*DATA SEGMENT*:
· · · ·

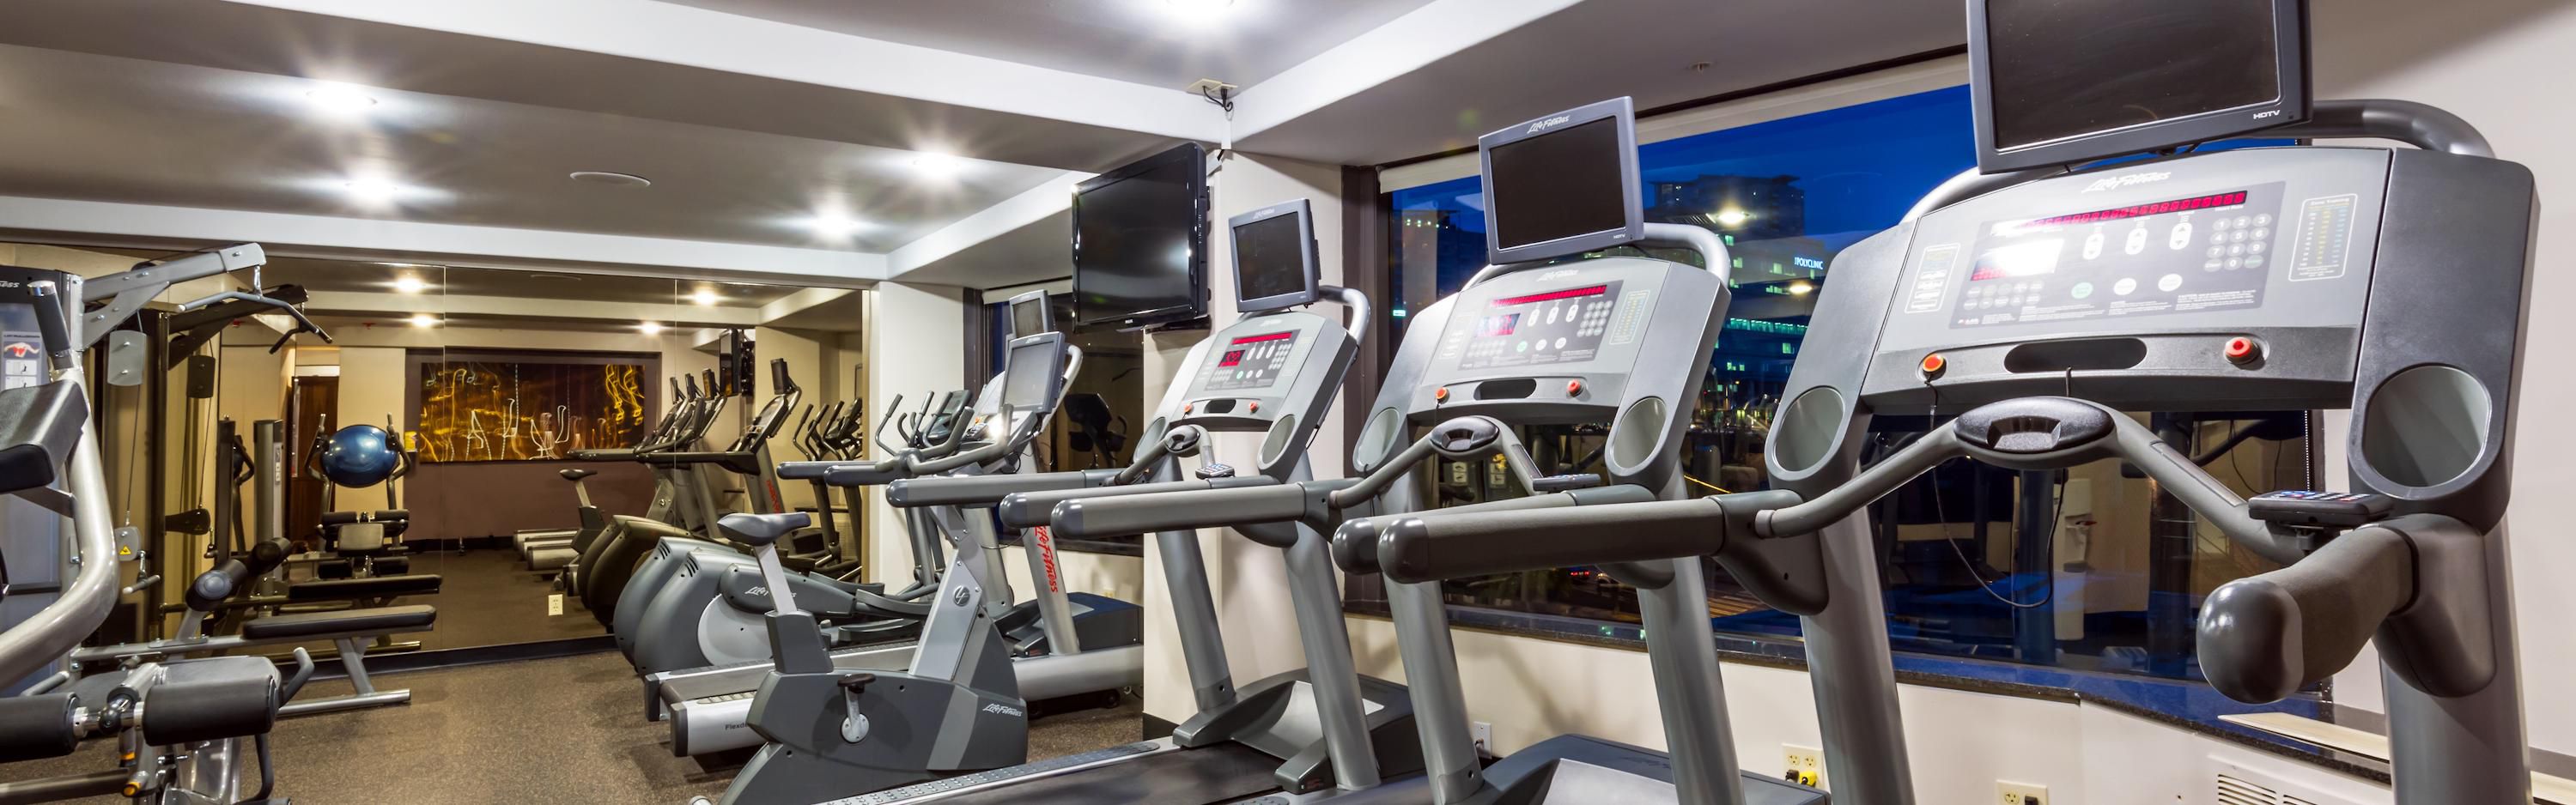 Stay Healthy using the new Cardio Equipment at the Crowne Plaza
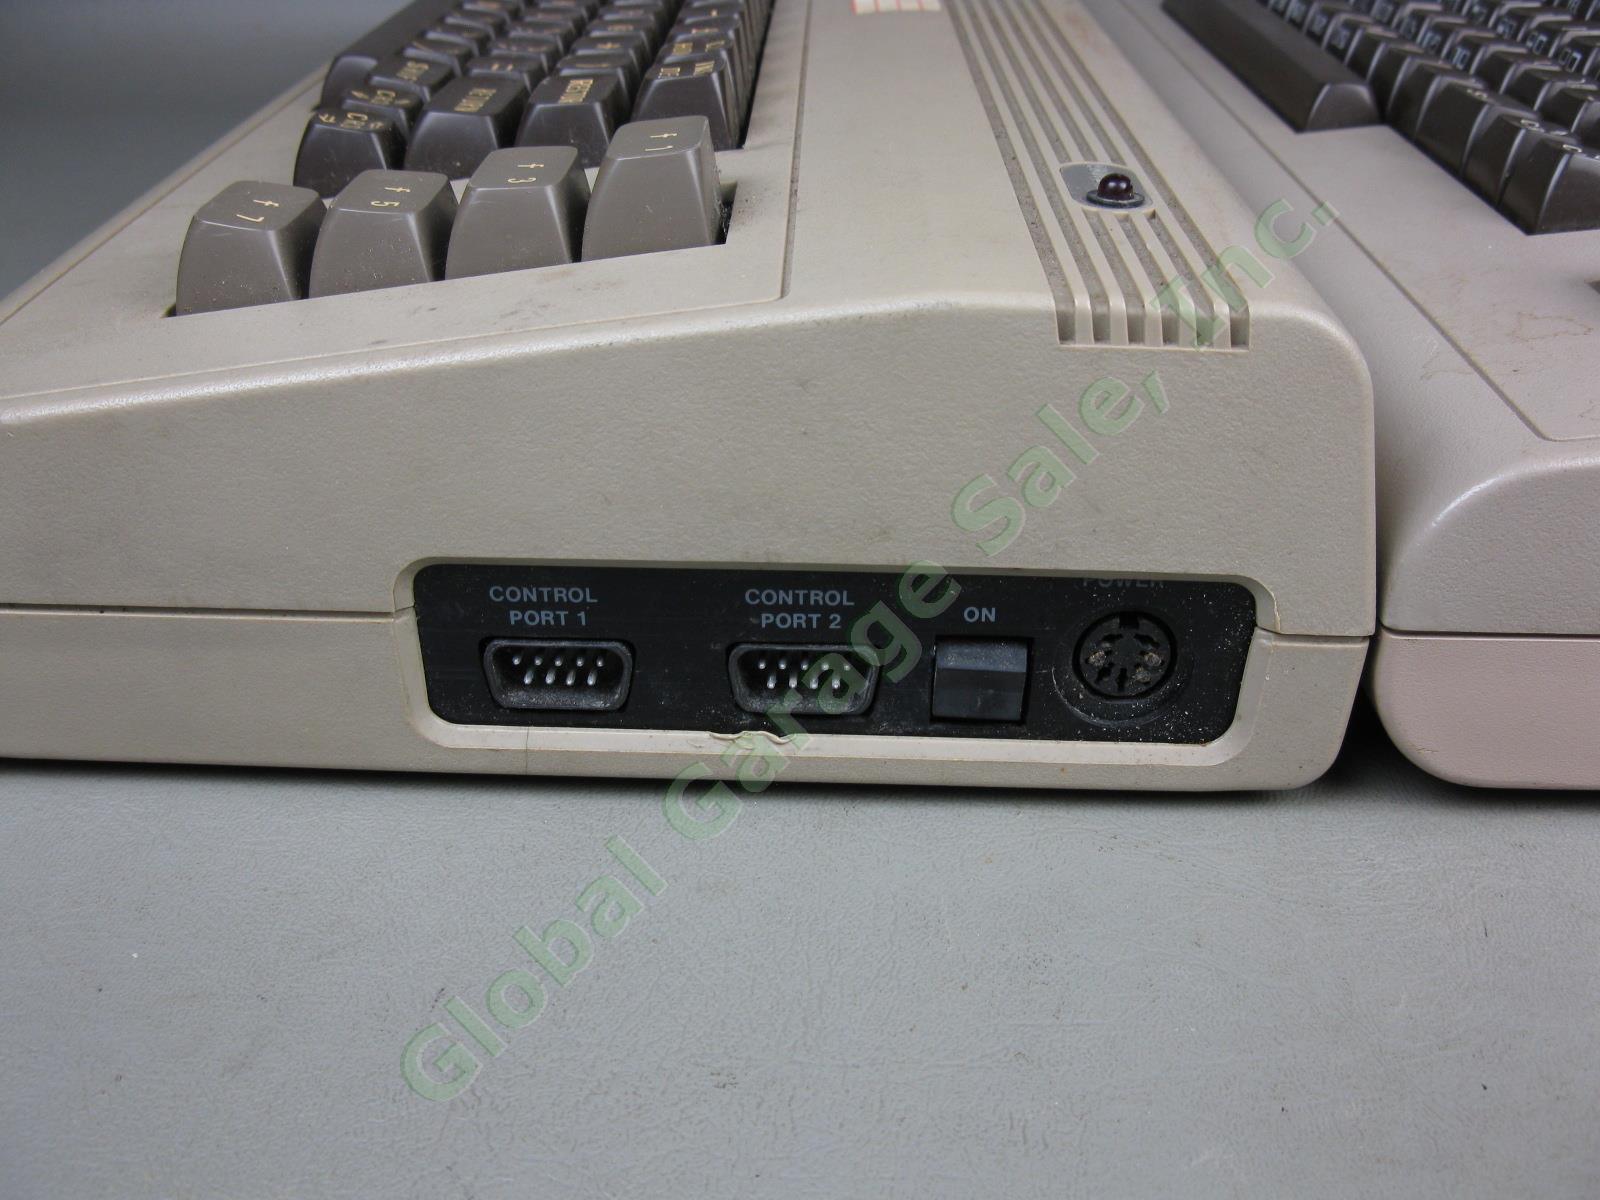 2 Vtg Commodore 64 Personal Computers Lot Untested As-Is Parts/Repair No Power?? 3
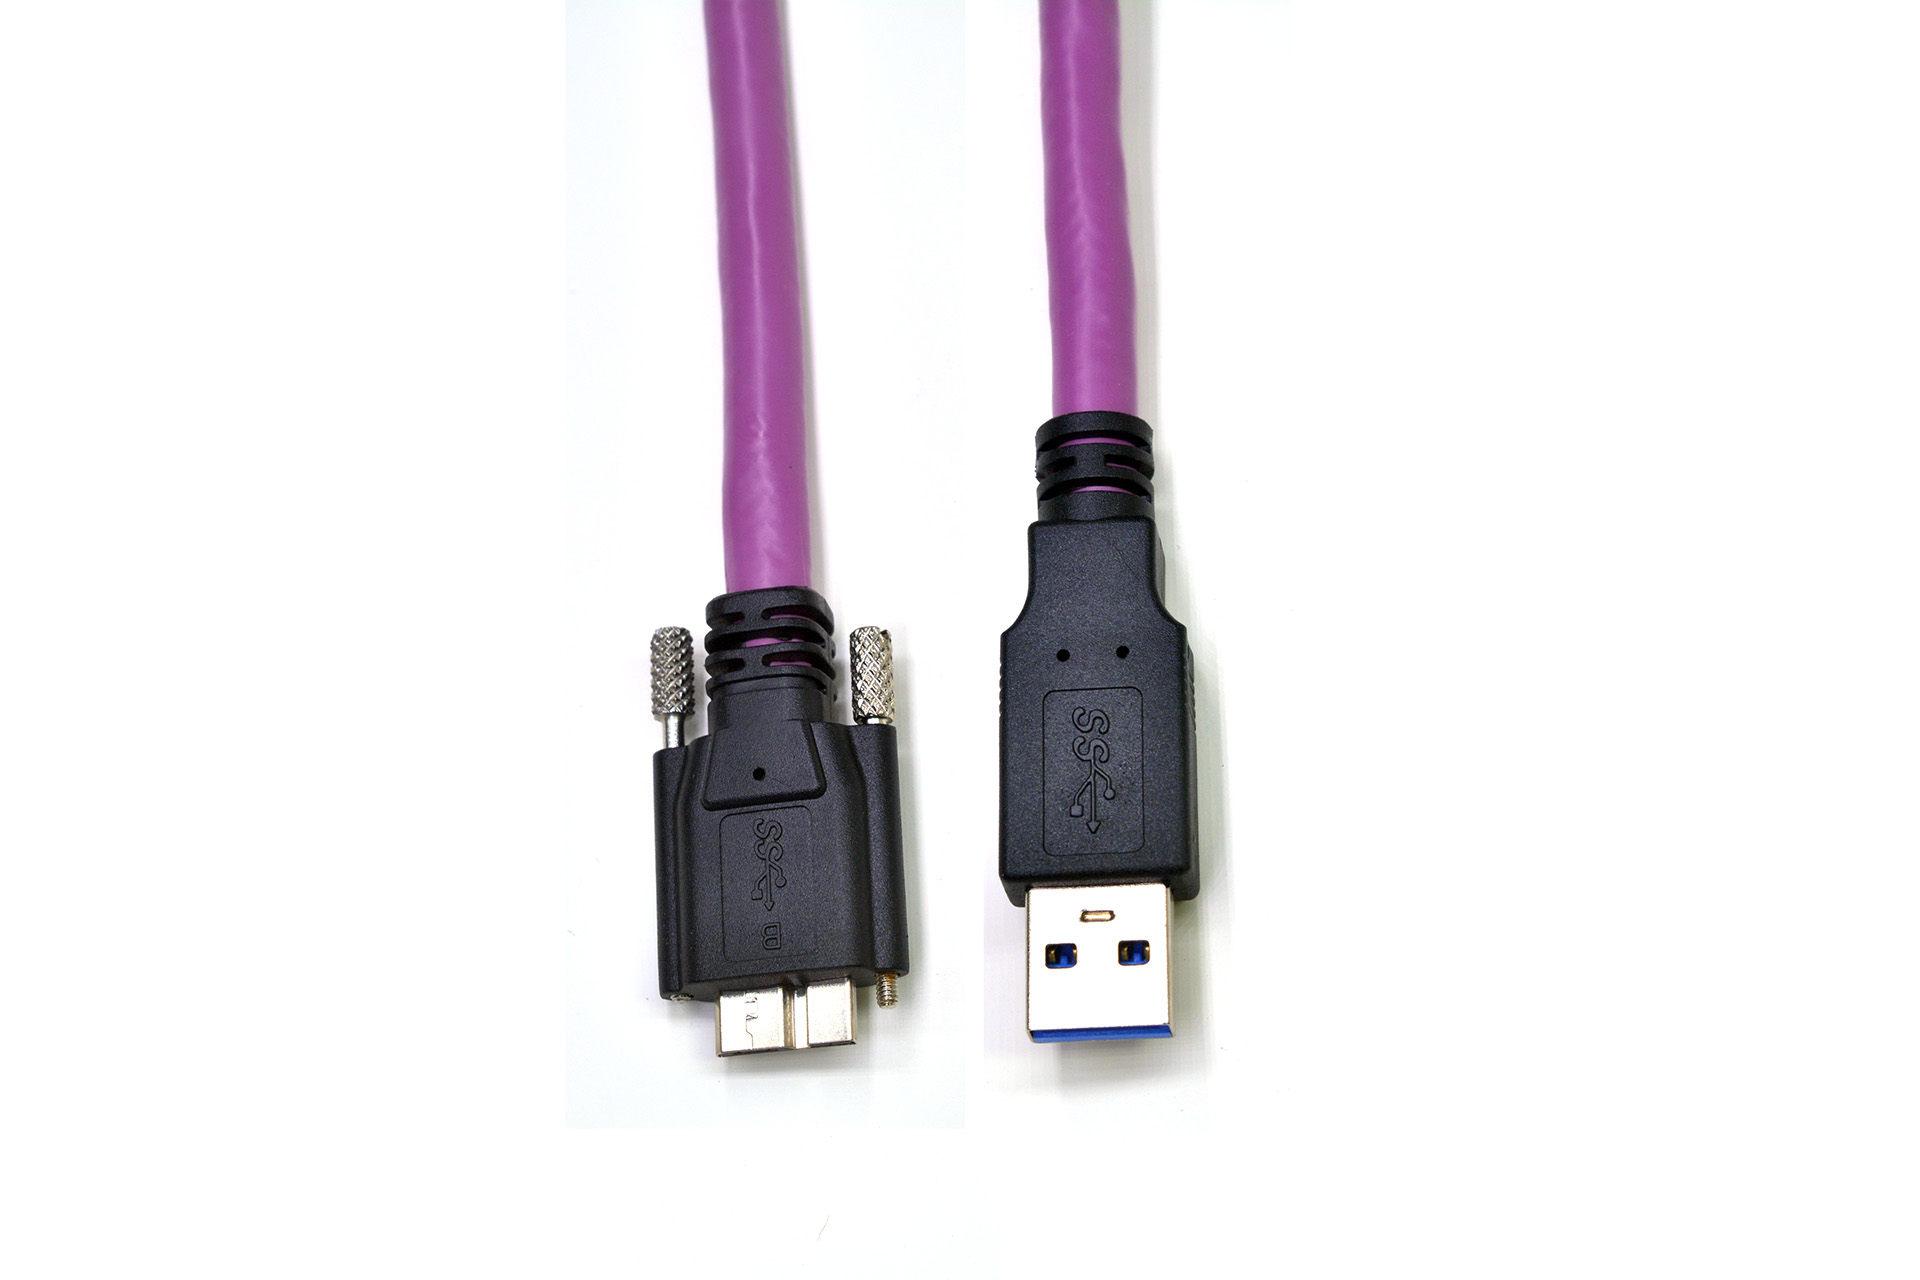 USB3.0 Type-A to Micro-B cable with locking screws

· · · ·

*WORK TO BE COMPLETED*:
Write out exactly the lines from the line that contains "2 Vtg Commodore" to the last line of the material above, both included; pictures do not belong in the copy.

*RESPONSE TO THE EXERCISE*:
 2 Vtg Commodore 64 Personal Computers Lot Untested As-Is Parts/Repair No Power?? 3
 USB3.0 Type-A to Micro-B cable with locking screws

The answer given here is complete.